網代温泉を出て、連れにどこに行きたいかと問うと、熱川のバナナワニ園へ行きたいという。どうしてそんなところに行きたいかは謎だが、ワニはじっとしているとかわいいという。さらに意味不明だが、ほかに行く当てがるわけでもなく、熱川まで足を延ばしてバナナワニ園を訪ねた。
熱川バナナワニ園は、伊豆急の熱川駅から、徒歩で数分の距離にある本園と、それより少し山側にある分園とからなる。東伊豆は海の近くまで山が迫り、急な谷が刻まれている。その急峻で狭い谷に、張り付くようにワニ園はあった。
ワニの種類は多く、世界各地のワニが飼育されている。多くのワニは温泉につかりながら、動きを止めているが、看板の注意書きによると、のそのそしているようだが、狩りのときの動きは早く、瞬発力もあり、絶対に柵から乗り出さないようにとあった。言われなくてもそんなことはしないよとも思うが、のへぇーとしている姿を見ると、そんなことを思う人も出てくると思う。
もう一つのみどころは、園名にもあるバナナである。このバナナも温泉の熱を利用した温室で育てられている。もっともバナナだけではなく、多くの熱帯植物、例えば モンテスラやハイビスカスなども育てられおり、個人的にはそちらの方が興味深かった。少なくとも植物の方が、素人目には多様性が簡単に理解できるように思える。ワニはアリゲーターだ、クロコダイルだといっても、自分には似たように見える。

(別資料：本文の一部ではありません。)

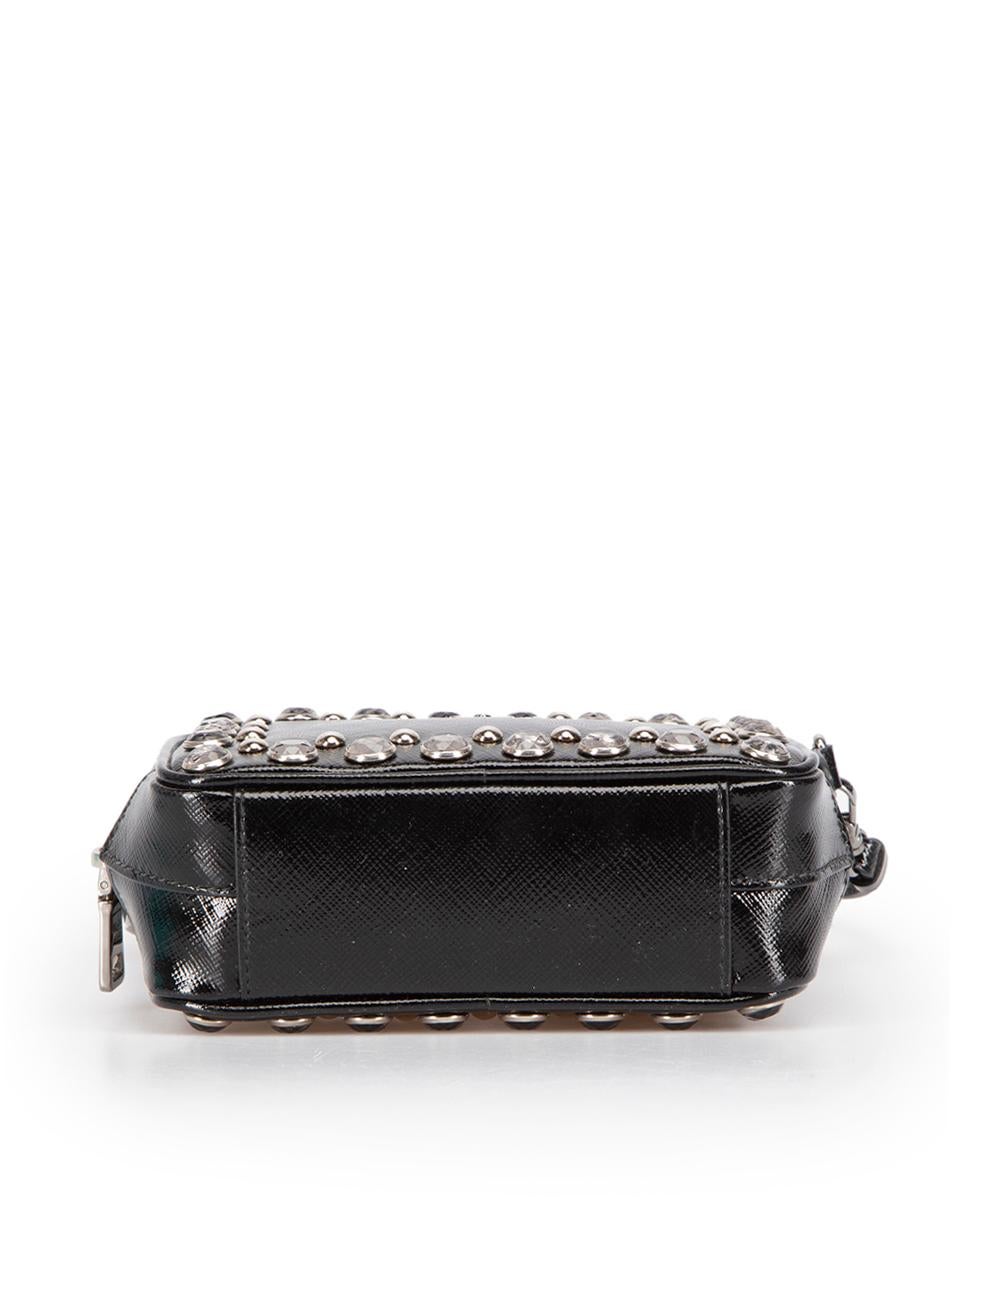 Women's Prada Black Patent Embellished Mini Camera Bag For Sale
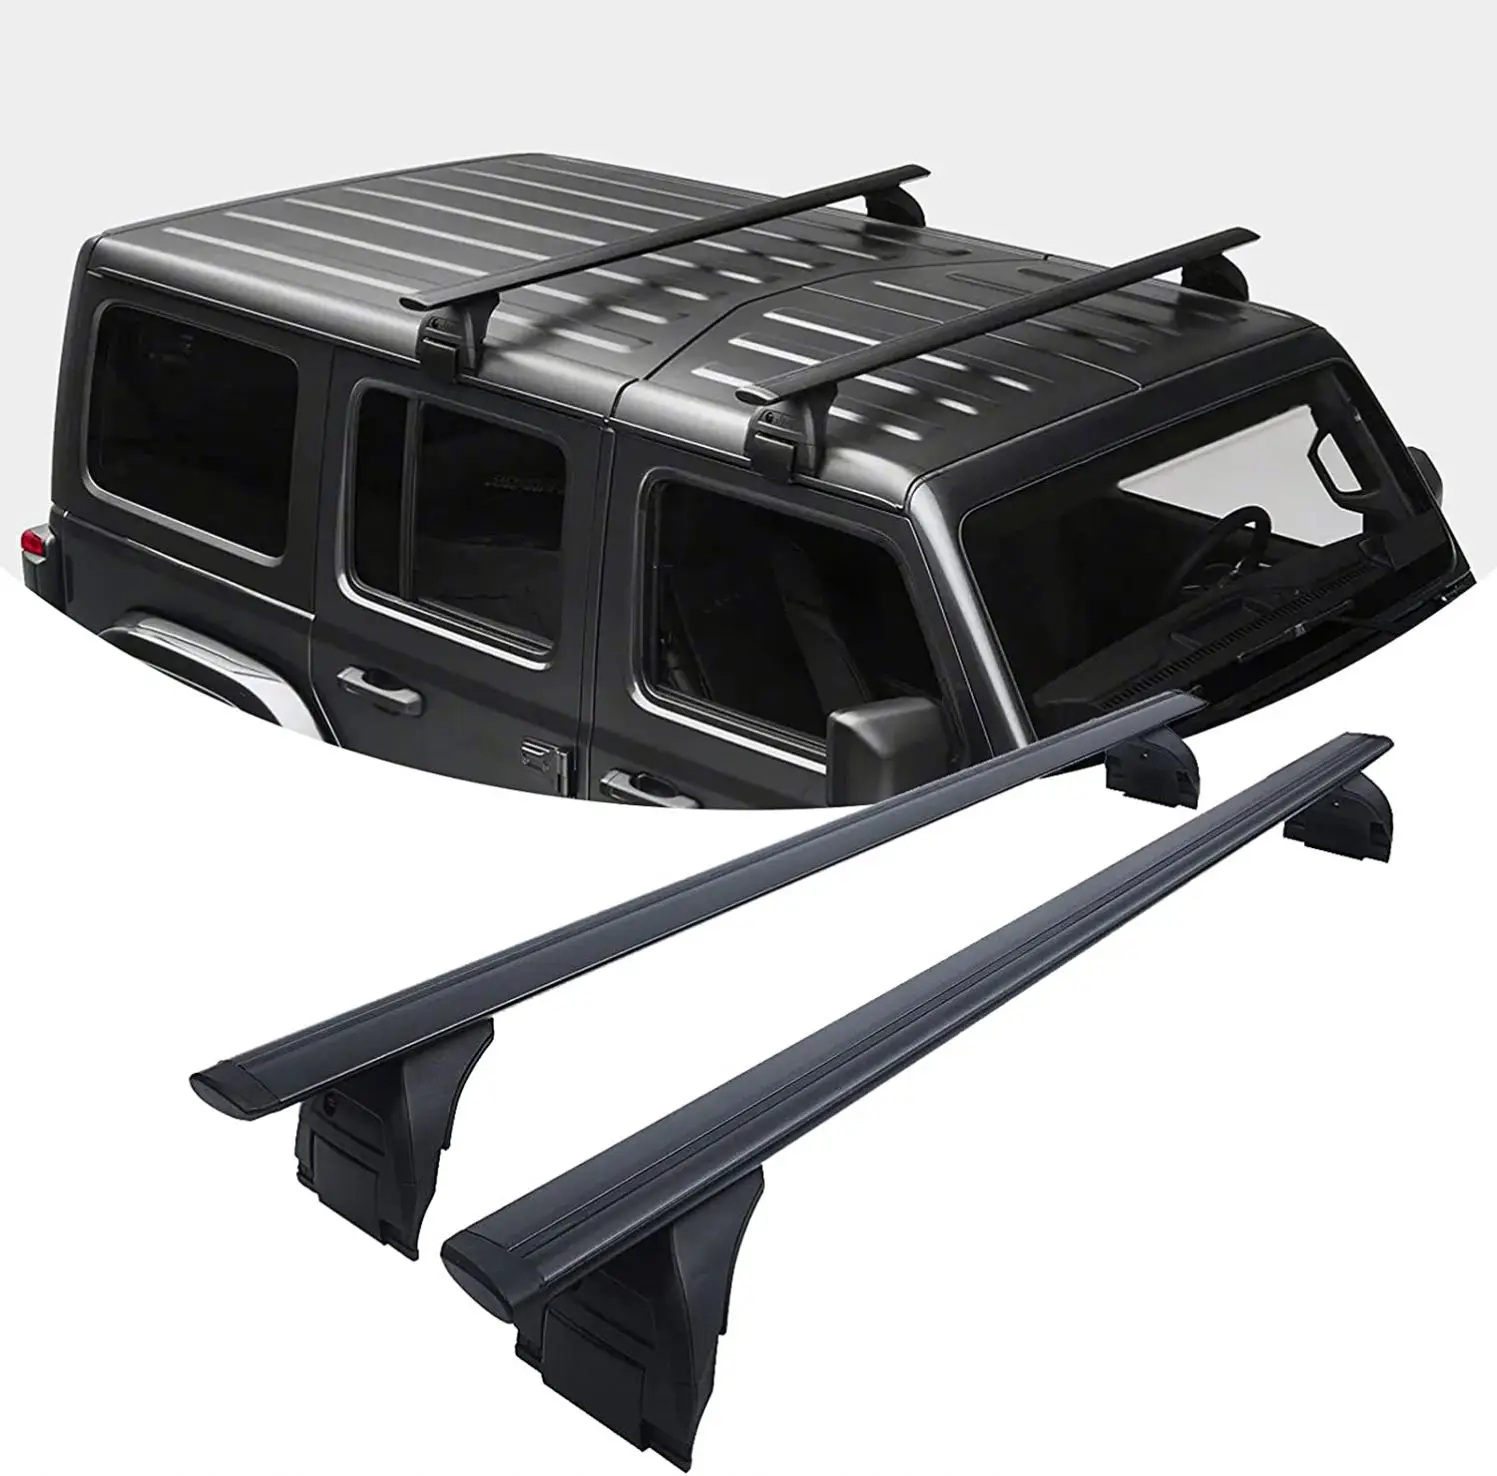 

Spedking JK JL JT Car Offroad 4x4 Auto Accessories aluminum roof rack for jeep wrangler

一連の温室群の最後には、睡蓮や蘭の温室があり、どちらもとても美しい。温室を出て、海を眺めると、相模湾に伊豆大島が見えた。熱川の温泉郷の先に見える大島は思いのほか、大きく、伊豆七島はここから近いのだなぁと改めて感じさせられた。そして、やっぱり電車で来るべきだったと少し後悔しながら、渋滞の東伊豆をかえったのである。